Thank goodness there a few folks like Dr K who are not so distracted!
No comments since 8/10. Just testing to see if this reflects a blog issue.
Goran: Completely off topic, but since it is related to your field, I thought you’d be interested to know that University of Michigan researchers have developed an alloy which can capture near infrared light, and can be used in photovoltaics.
Well, Gary, I am retired since a couple of years now so I have basically left all materials research. Materials is though an extremely broad field and I was myself very far from the topic you brought up.
Currently in Edinburgh touring with my brood. Picked up a book, Spook Street, by Mick Herron. It’s a spy novel (excellently written) in which the plot revolves around an old spy who loses his memory (and thus becomes a danger). A character asks if he’s taking any medications, and his grandson replies, “Only statins.” I think word is getting out and seeping into the common culture.
I know someone who had exactly that experience. He wasn’t a spy, bu ran a specialist shoe and boot repair shop. He was put on statins and almost lost his business because people would come in and place an order, and he would write down the details and completely forget about it!
I always used to have the impression that when drugs had nasty side effects, the medical profession would gradually realise and the drug would be withdrawn.

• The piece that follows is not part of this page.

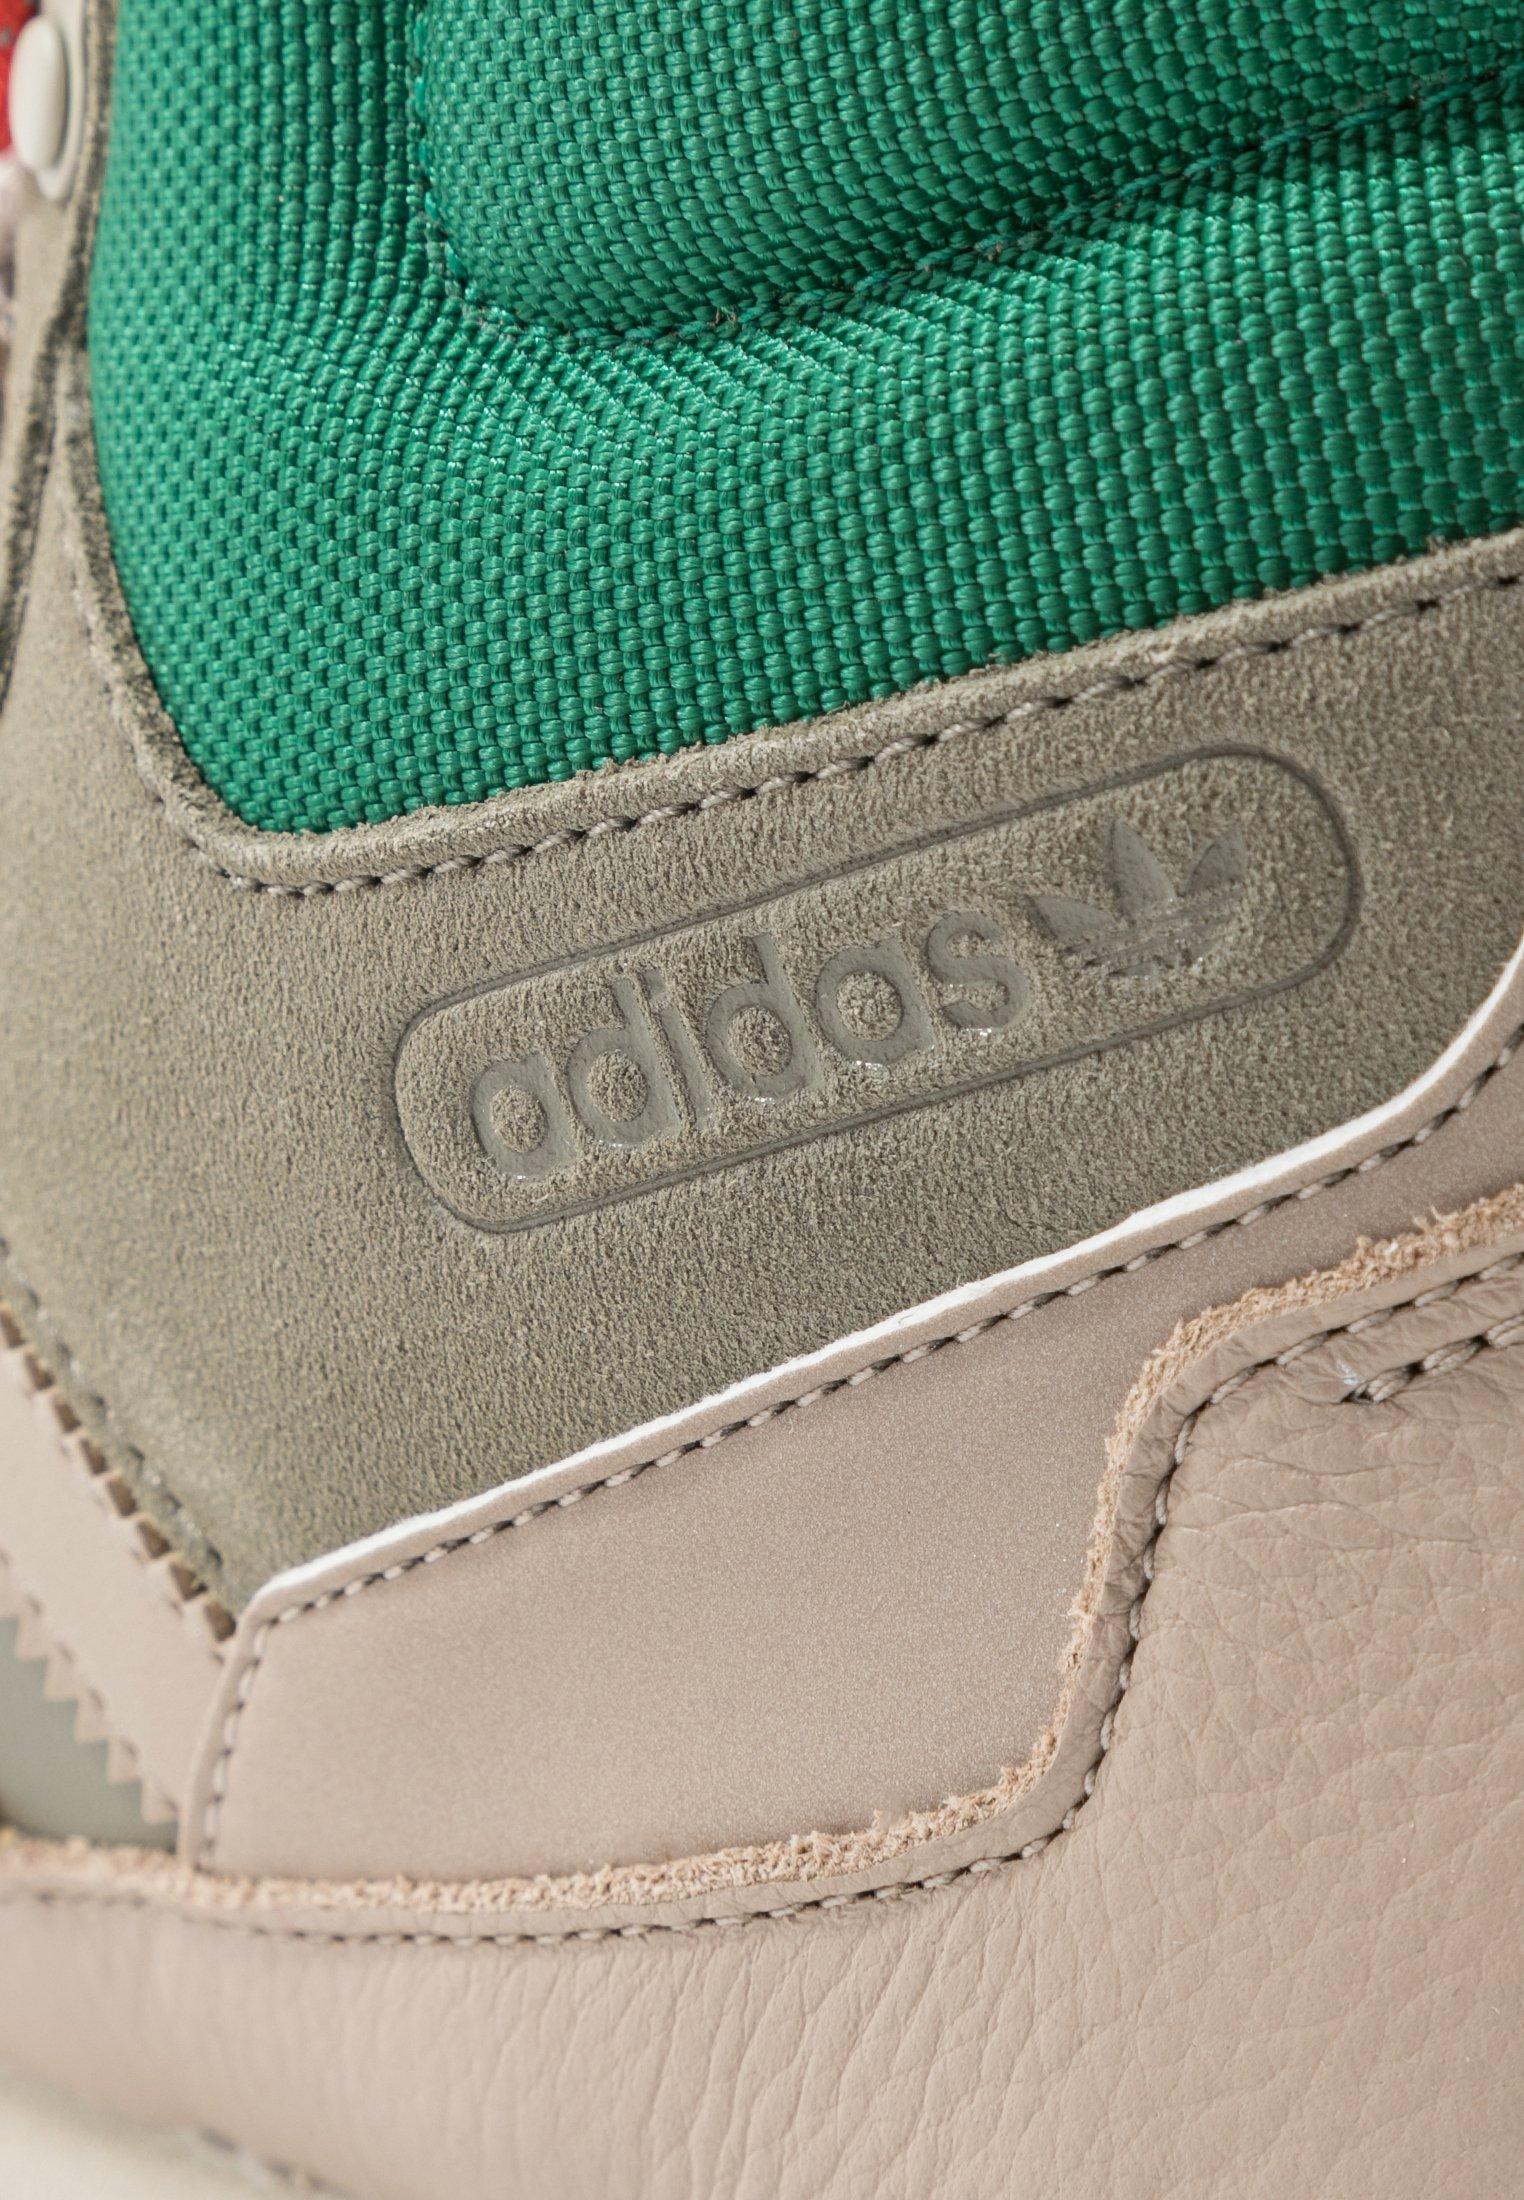 Adidas Originals Baara - Sneakers Hoog Trace Khaki/trace Carbon/core Black Goedkope Schoenen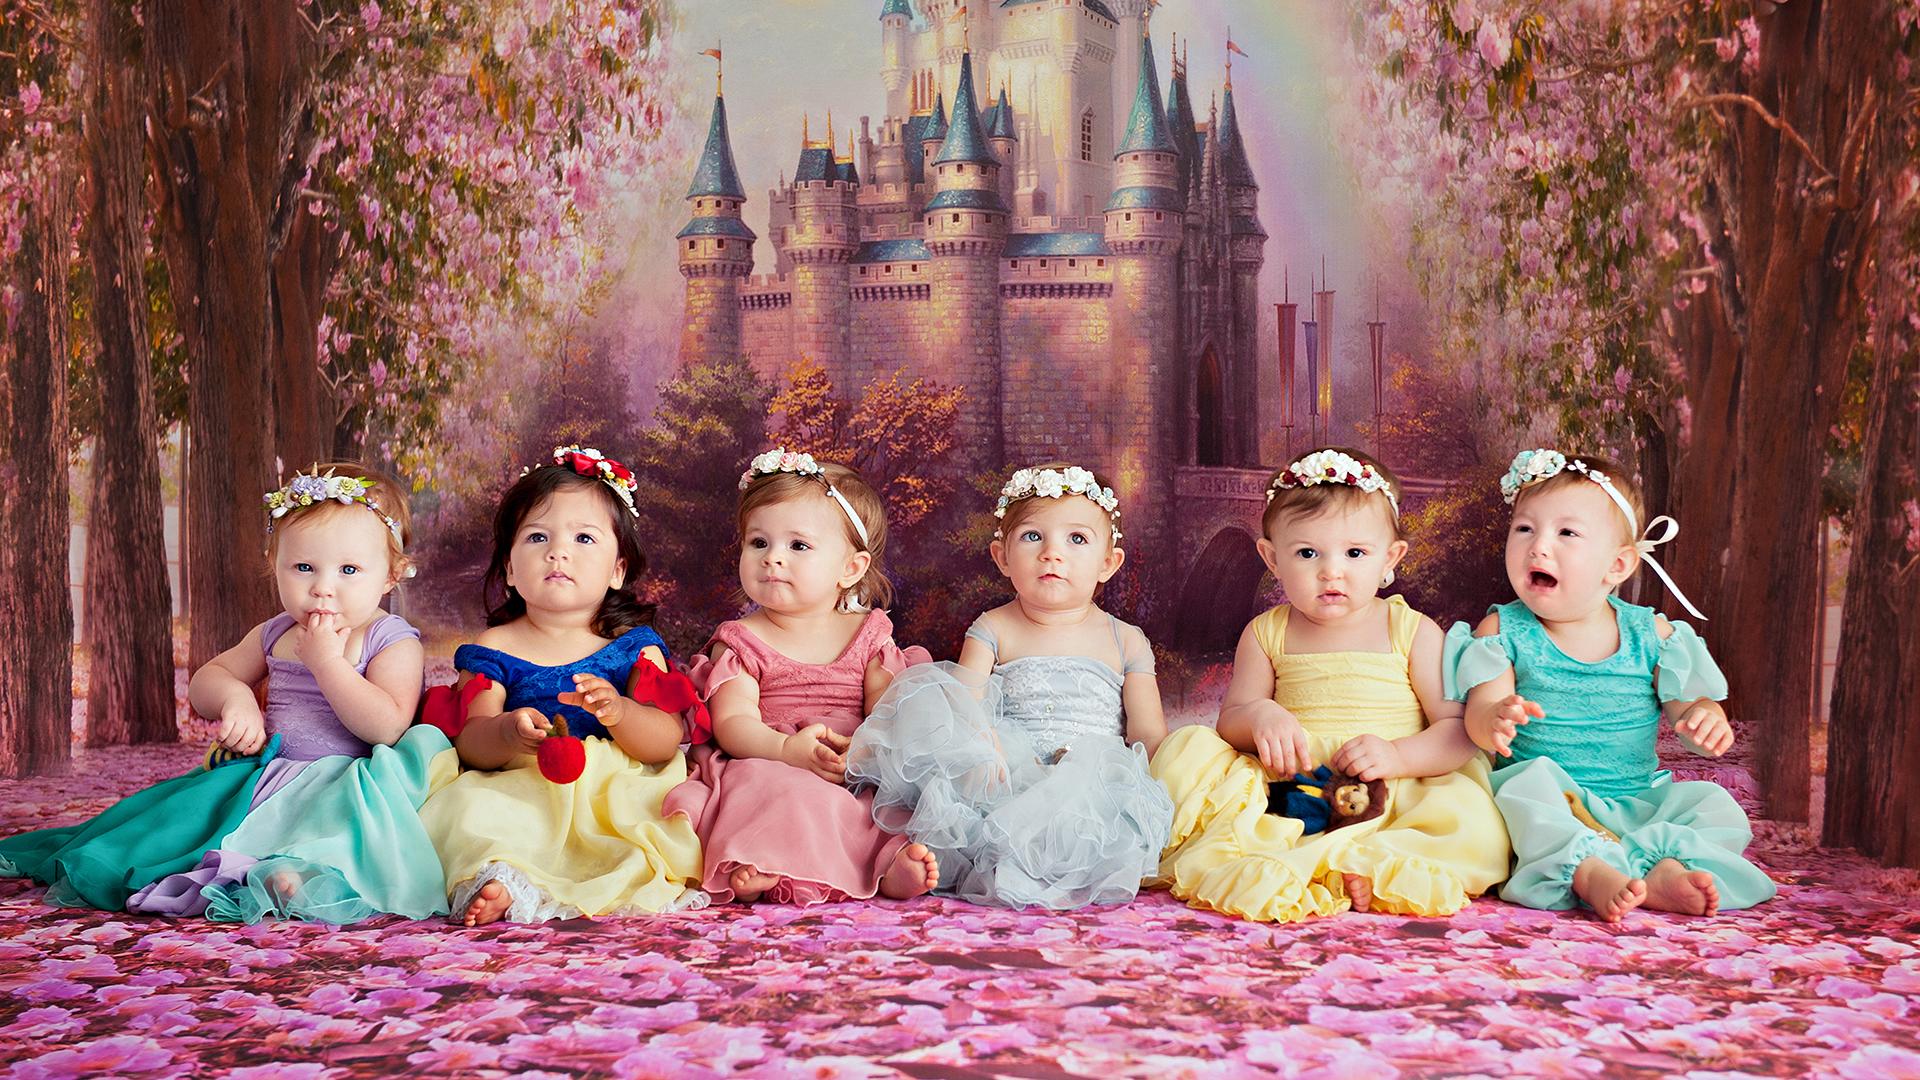 princesas disney baby | Idéias criativas | Pinterest ...  |Baby Disney Princess

Now it seems as if that mechanism doesn’t work any more.
Martin Back – “sequence of diagrams showing the natural history of a plaque”
This may be of use in response from a previous comment by you…from a good source too: Fat Emperor Ivor Cummins:
http://www.thefatemperor.com/blog/
The diagram appears at 1min 24 seconds and includes both the rupture and thrombus stage.
I haven’t watched the rest of the film yet but do question Ivor’s written comment about CAC scans being “cheap”. The best I could find for mine was £400.00 and they went a lot higher.
Paul Mather – “extremely high triglycerides”
You may want to read this 2008 post by Dr Mike Eades on the subject:
https://proteinpower.com/drmike/2008/02/04/elevated-triglycerides-are-driven-by-carbohydrate-consumption/
and also this on cholesterol results from Mark Sissons’ Daily Apple website dated 2011:
https://www.marksdailyapple.com/how-to-interpret-cholesterol-test-results/
Bill
Your cardiologist more or less told you to “go away and die”.
You’re not alone – I had similar with them putting the fear of god into me if (1) I didn’t have a coronary device implanted (you bet I signed the consent form lying there at my weakest and most vulnerable) and (2) I’d die if I stopped taking meds – both of which was keeping me alive they said.
I am not medically trained so forgive my ignorance, what causes the clots in the first place? Is it damage to arterial walls caused by free radicals?